Markov sujetó la pinza y miró a la hermosa mujer, sus ojos jamás brillaron tanto.

Al liberarla, ella comenzó a expandir y a agitar sus córvidas extremidades. Pronto sus pies se despegaron del suelo.

Elena voló alrededor de Markov mientras reía con locura, luego descendió y abrazó a su nuevo amigo, dejándolo inmovilizado por la emoción.

―Tu turno.

―No sé si seré capaz de lograrlo ―dijo Markov.

―Siempre piensas sin actuar, ¿verdad? Actúa sin pensar, solo por esta vez.

―Pero mis músculos pectorales y supracoracoideos deben haberse atrofiado.

―Escúchame ―dijo Elena― ¿Has mantenido tu pensamiento crítico?

―Sí ―dijo él.

―¿Aún tienes imaginación y sueños?

―Sí.

―¿Conservas tu sentido del humor?

―Supongo que sí.

―Pues tienes todo lo necesario para volar ―dijo ella―. Eres libre ahora. Eres tu propio pozo.

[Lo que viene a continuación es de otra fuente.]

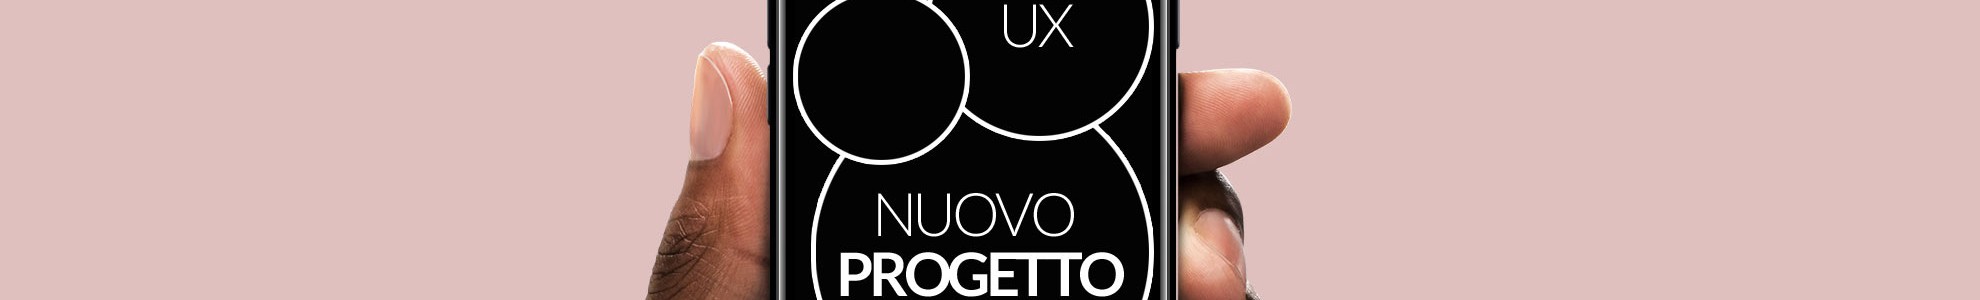 Nuovo progetto: metodo user experience designer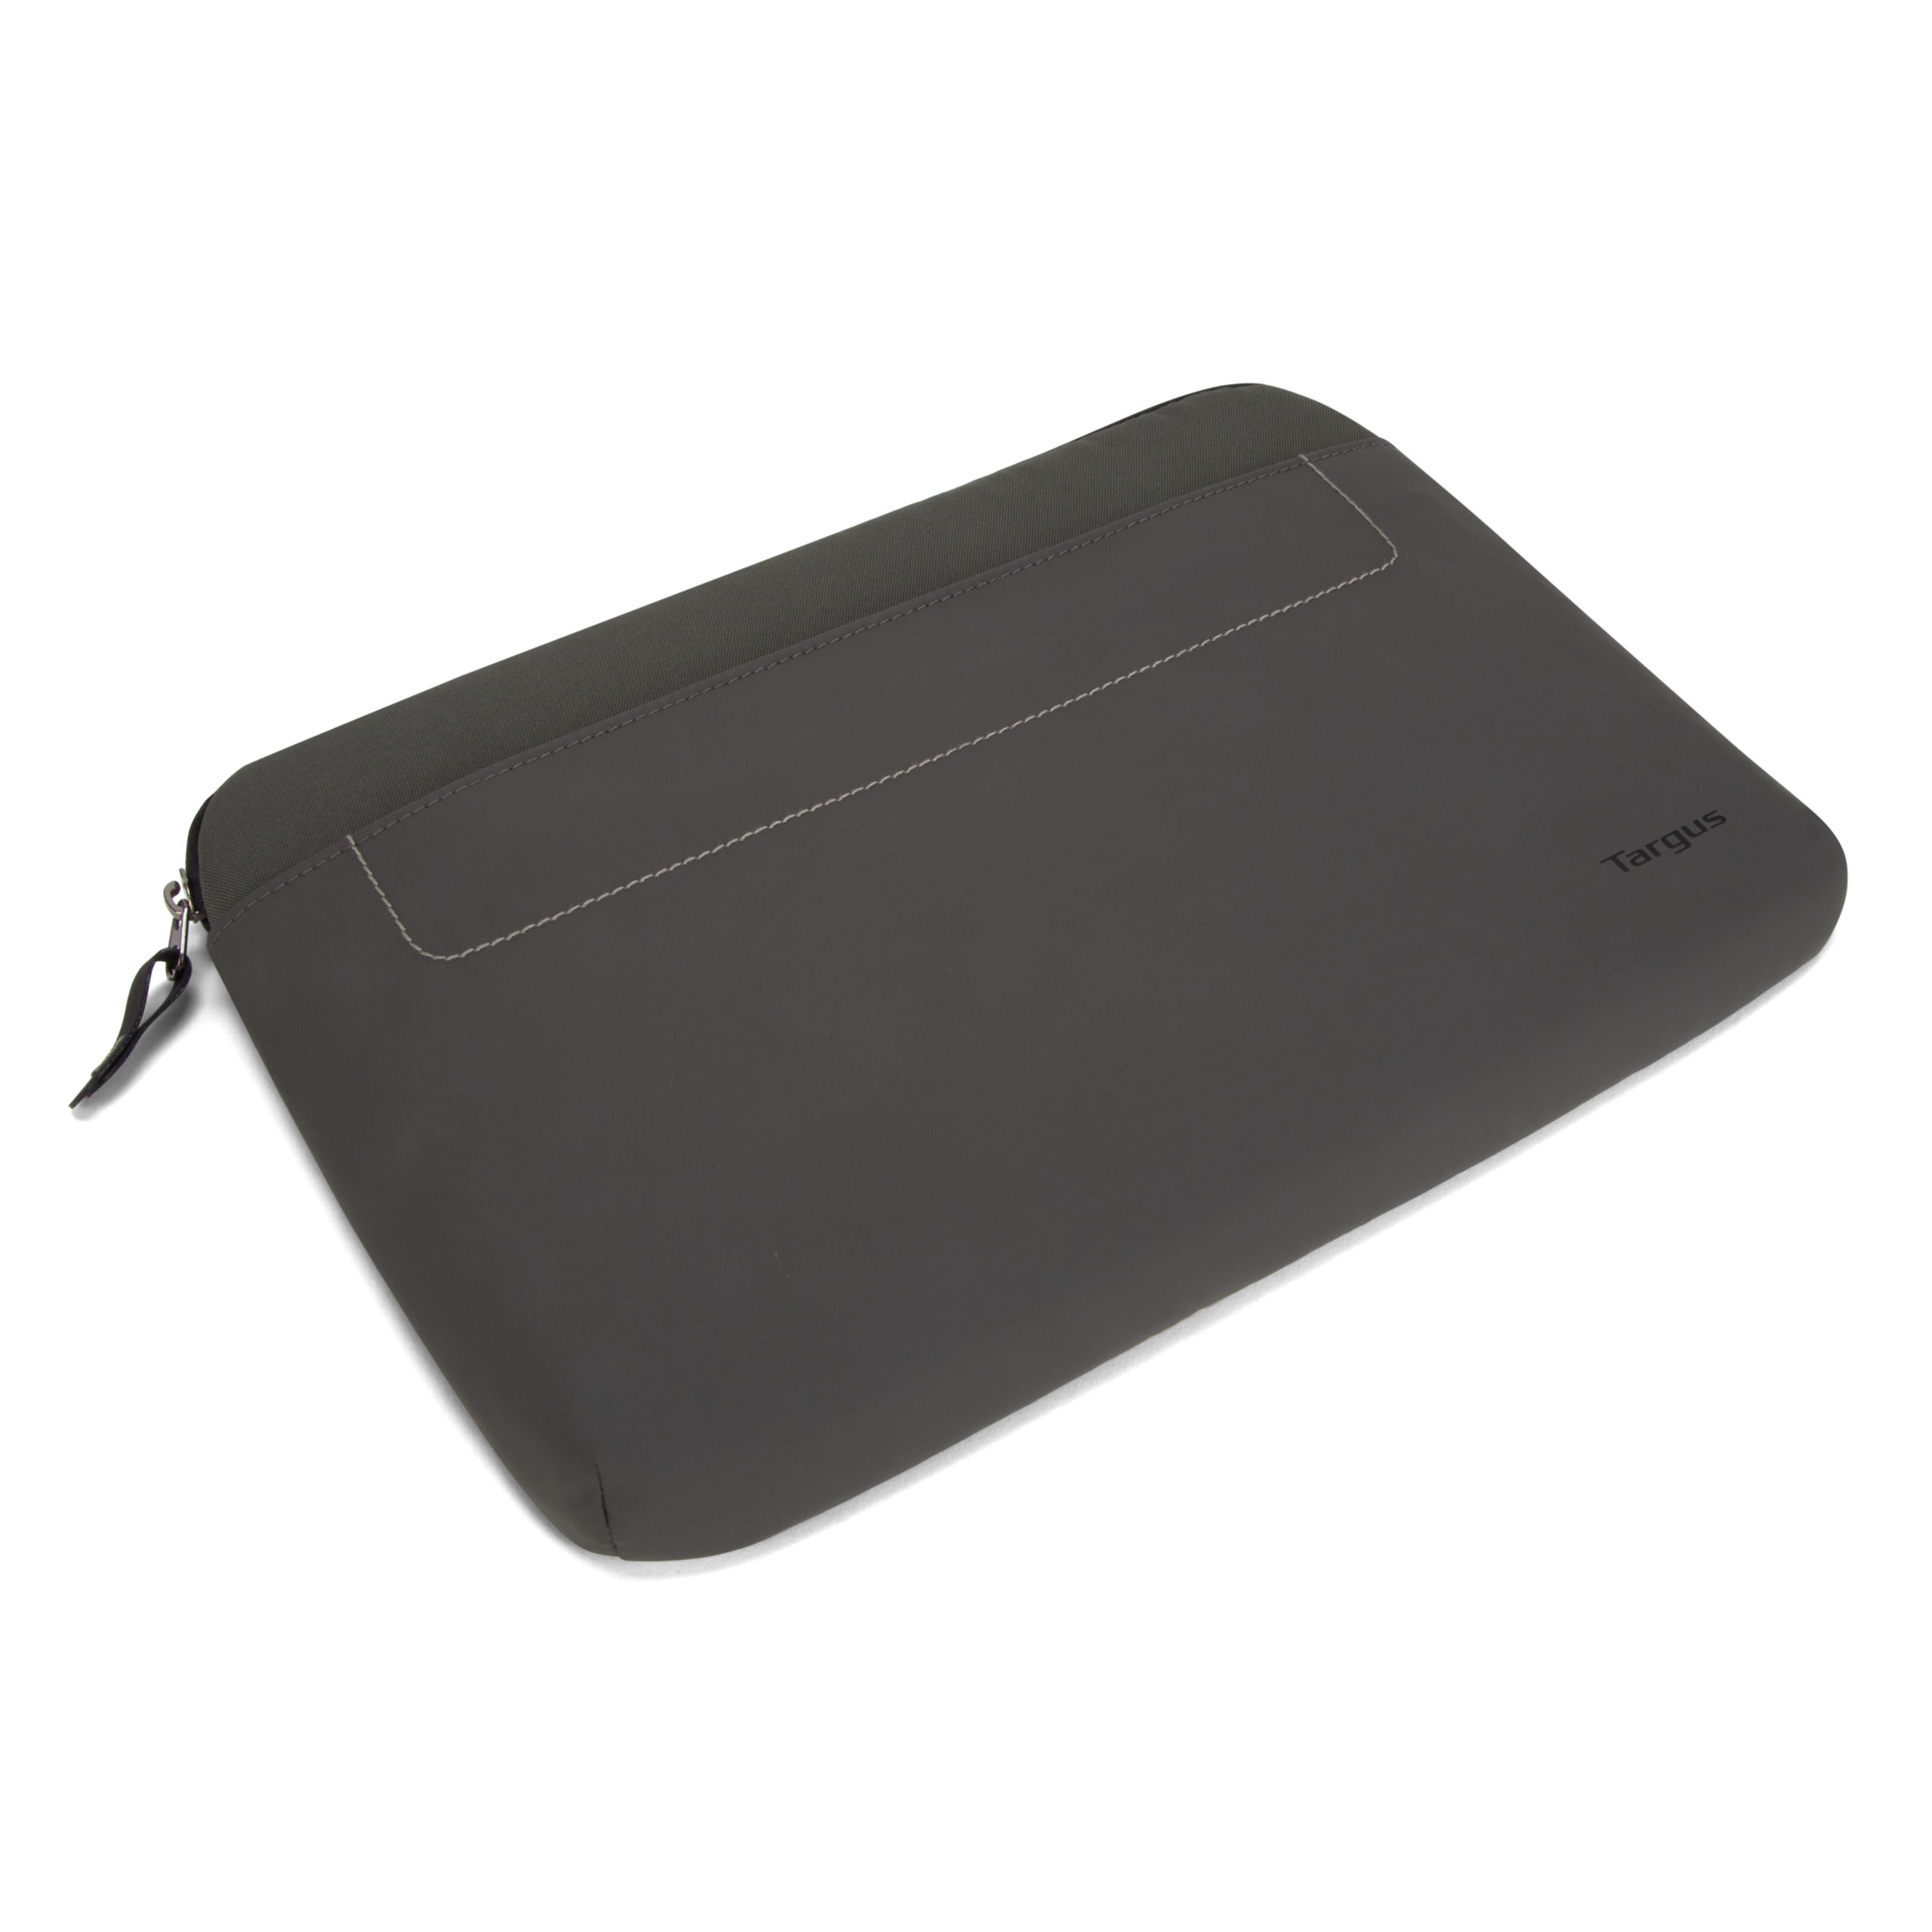 Targus Strata TSS63601US Carrying Case (Sleeve) for 12.1″ Netbook TSS63601US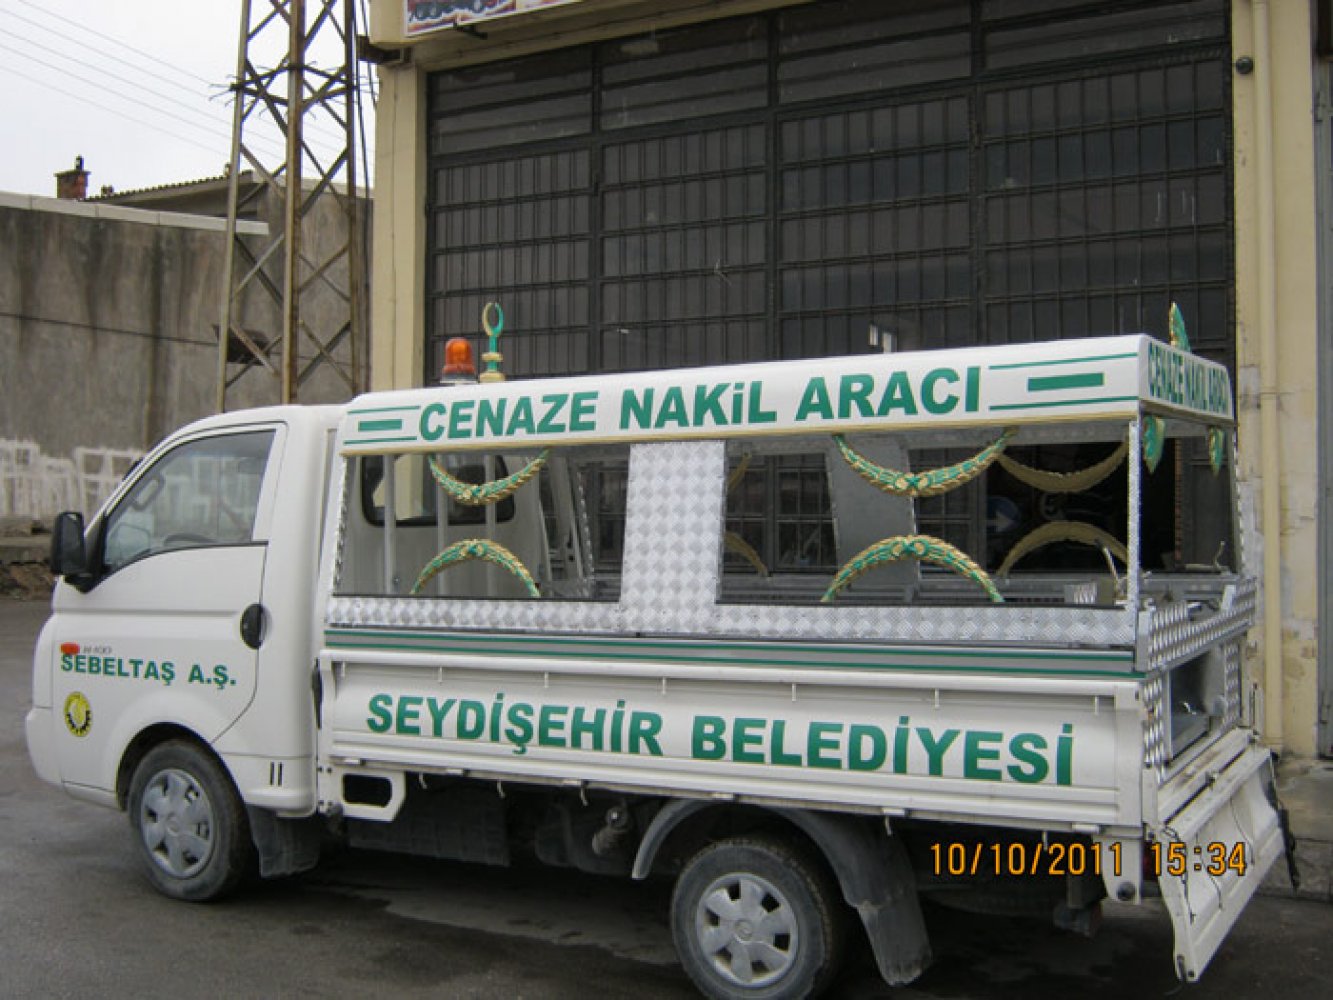 Seydişehir Belediyesi Cenaze Nakil Aracı

Markov reflexionó por un instante y luego abrió sus cadenas con la pinza.

―¿De veras crees que podré lograrlo?

―Confío ciegamente en ti.

Bastaron esas cuatro palabras para que él desplegara sus soberbias alas. Sus músculos pectorales y supracoracoideos se tensaron; su magro y vigoroso físico era imponente.

Comenzó a batirlas mientras el sol se filtraba entre las puntas de sus plumas. Ella contemplaba absorta sus colores, los cuales cubrían el espectro entero de las montañas.

Markov y Elena se miraron a los ojos en silencio y luego se elevaron juntos por los aires. Dicen que jamás volvieron a pisar la tierra.



FIN






SUEÑOS DE INMORTALIDAD





Abatido por la tristeza, luego del funeral decidí incendiar el cementerio.

...como si aquello pudiera ocasionarle algún daño a la muerte.